With “Paterson,” then, Ginsberg set the course he would follow for the rest of his life: that of the self-proclaimed martyr and madman, the Hyde to Whitman’s Jekyll, the prophet-poet turned enemy of the system.
Ginsberg made other significant “discoveries” besides Whitman, of course. From around 1952, the poet, in his own words, “experimented with poetic effect of psychedelic drugs.” What this means is that he wrote “Howl” on peyote, “Wales Visitation” on lsd, “I Hate America” on heroin, “On Neal’s Ashes” on morphine or marijuana, “Denver Doldrums” on Benzedrine, “Kaddish” on methadrine, “A Ghost May Come” on marijuana, “Death to Van Gogh’s Ear!” on codeine. He composed a series of poems that take their titles from the name of the drug on which they were written: “Mescaline,” “Laughing Gas,” “Lysergic Acid.”

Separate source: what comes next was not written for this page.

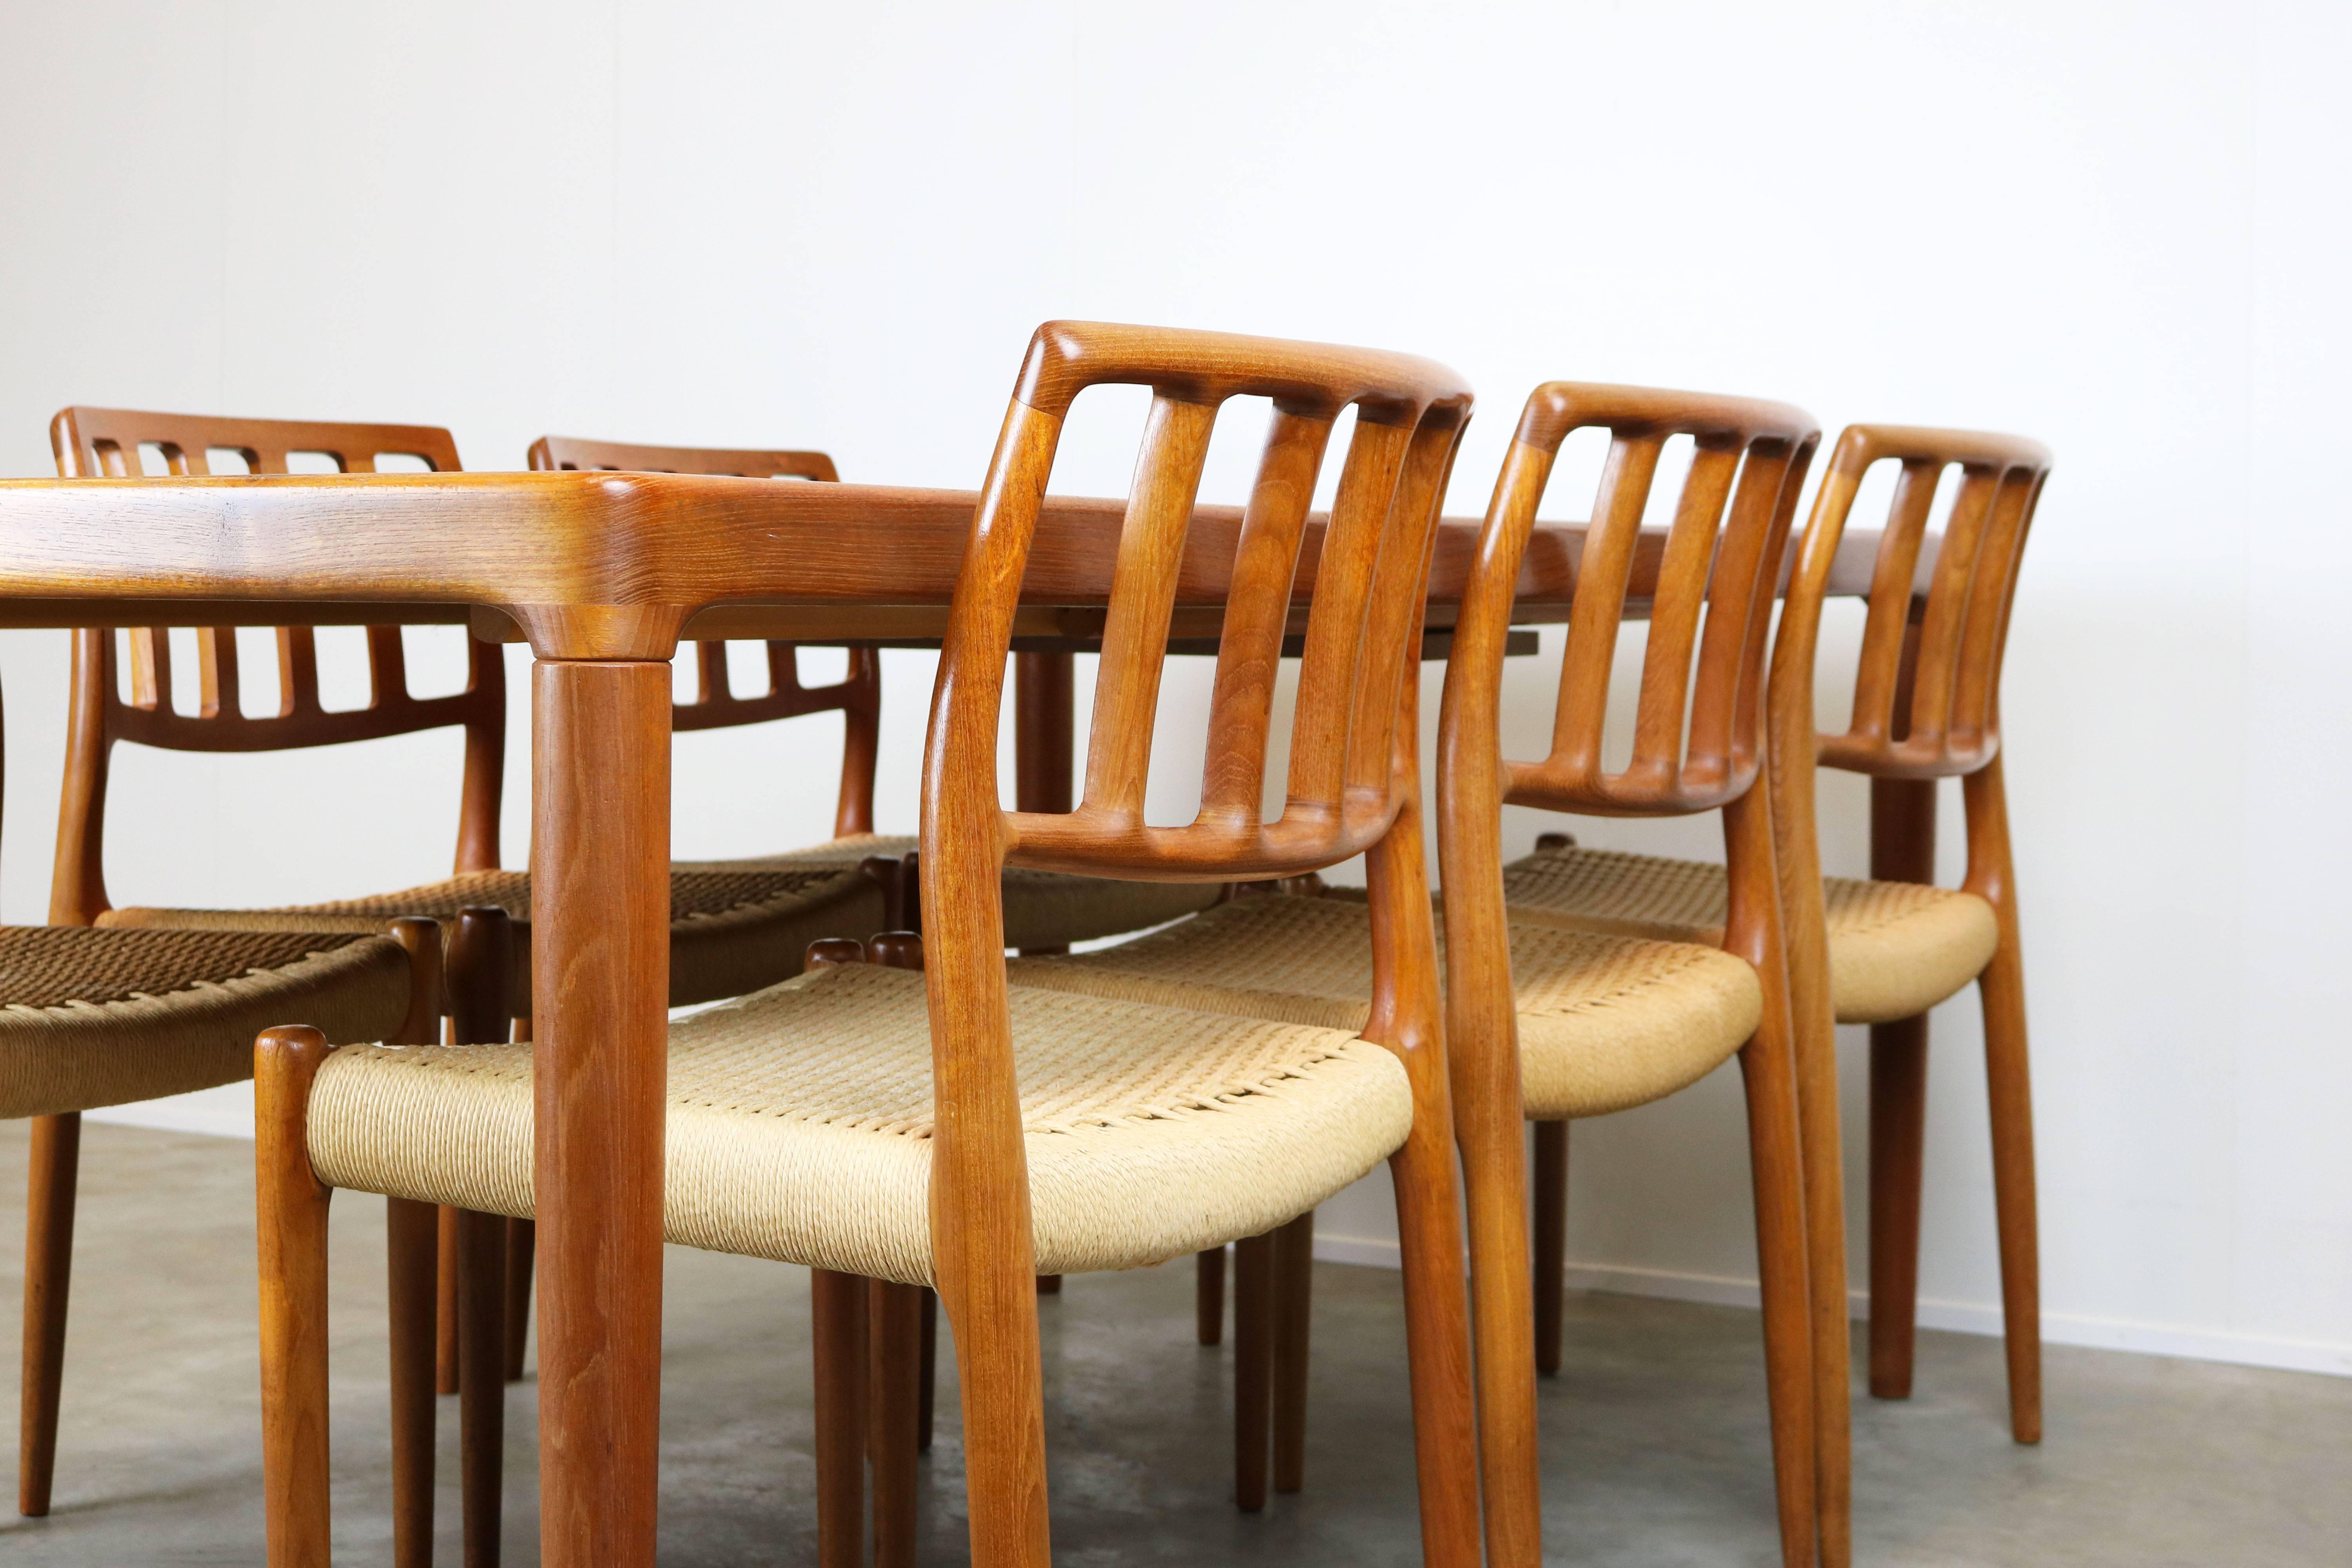 Magnificent Danish dining room set by Niels Otto Moller for JL Moller Mobelfabrik, 1960. The set consists of six teak and papercord model.83 chairs and original matching teak table (extendable). Set is in wonderfull original condition. A perfect set

He went all the way to Peru just to bring back a hallucinogenic vine called ayahuasca. Portuguese book contains an interview in which Ginsberg discusses in depth the various effects of these substances on his work. “All mellow poems seem to emerge out of heroin. Endless metaphysical-political ravings in my journal and other stuff you’ve seen were written on morphine and heroin.” He speaks of poems like “Marijuana Notation” and “Psalm I” as having a “grass-like clarity.” He says of laughing gas: “It gives the appearance of enlarging perception to a point where the totality of the universe invades the individual entity and dissolves the individual entity into the blackness of space.” These were not, of course, private “experiments”; Ginsberg, like his friend and fellow chemist Timothy Leary, proselytized long and hard for the use of psychedelic drugs, travelling from campus to campus reciting poems like “Aether,” in which he asserts that “you can see/God by sniffing the/gas in a cotton . . .”

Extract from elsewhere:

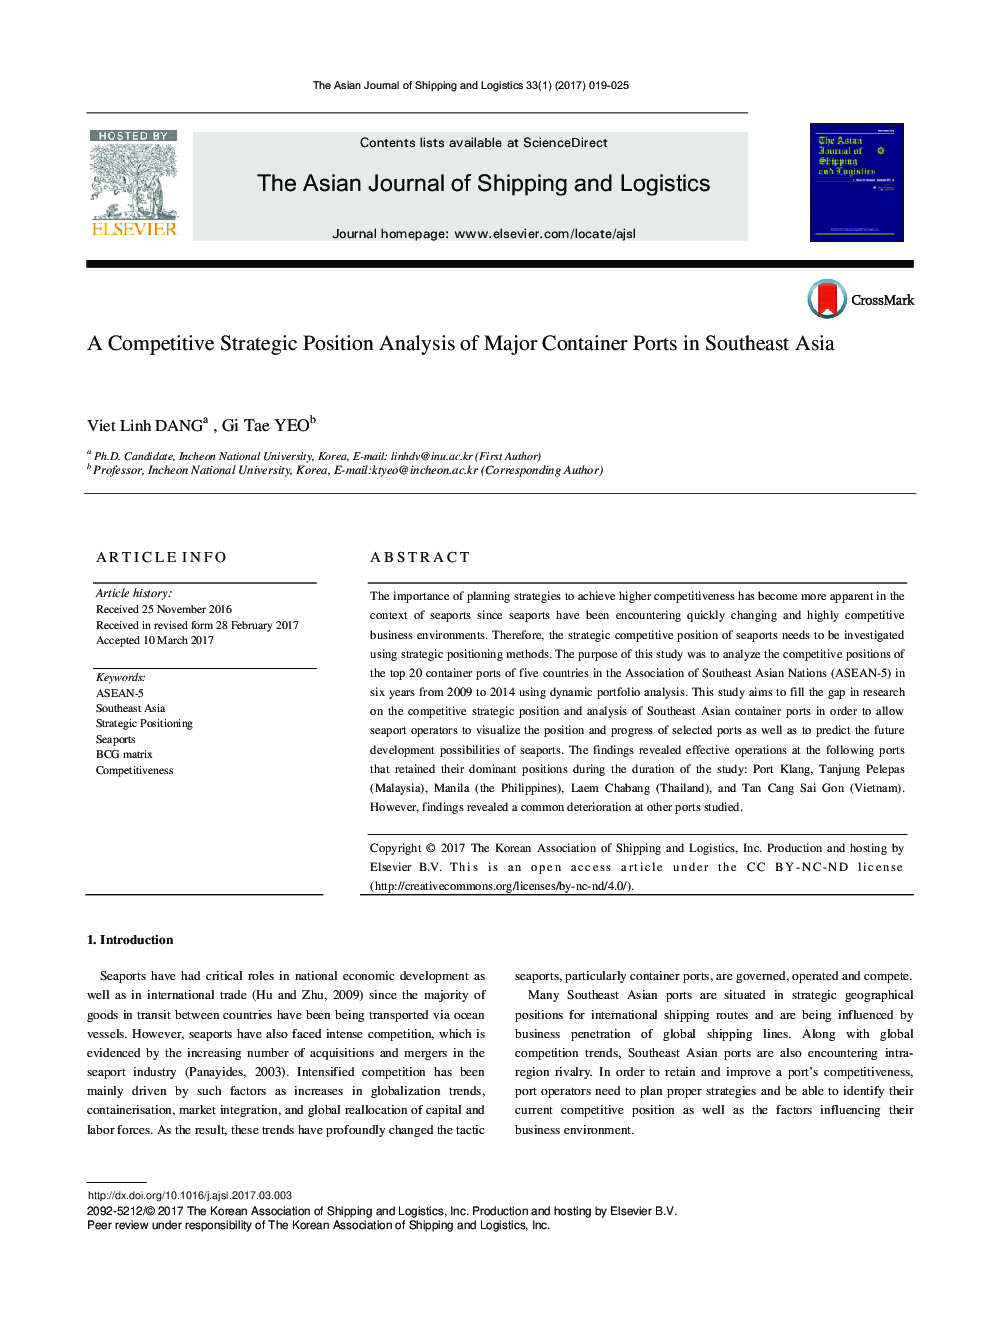 A Competitive Strategic Position Analysis of Major Container Ports in Southeast Asia

Ginsberg also discovered Eastern religion. His full-dress involvement with it dates back to the early Sixties, when he went to Asia and found himself intrigued by Hinduism and Buddhism. What appealed to him most about these religions was their emphasis on the self-determination of the individual and their understanding of morality as a subjective consideration. Life was not a matter of objective right and wrong, it was a matter of being true to one’s own karmic sense of things. No philosophy of life could have pleased Ginsberg more.

His exploration of Eastern religions has continued ever since; in the autobiographical notes to his Poems All Over the Place, Mostly Seventies (1978), Ginsberg indicated that he was spending a good deal of his time practicing both “mantra-heart meditation” (with one Swami Muktananda) and Tibetan Buddhist meditation. The influence of Hinduism, Hare Krishna, and the various species of Buddhism on his work has been largely semantic; in his poems and journals, for instance, he habitually (and gratuitously) describes relationships in terms of karmas and yogas. This is not to suggest, of course, that the babas, swamis, gurus, and lamas have not had a substantial impact upon the way Ginsberg lives and writes; like his psychedelic drugs, they have helped him fight off the desire for intellectual order that exists in some corner of every conscious mind and to give even freer rein to his id. Ginsberg, in typical fashion, prefers to describe this process as the “holy divine yoga of losing ego.”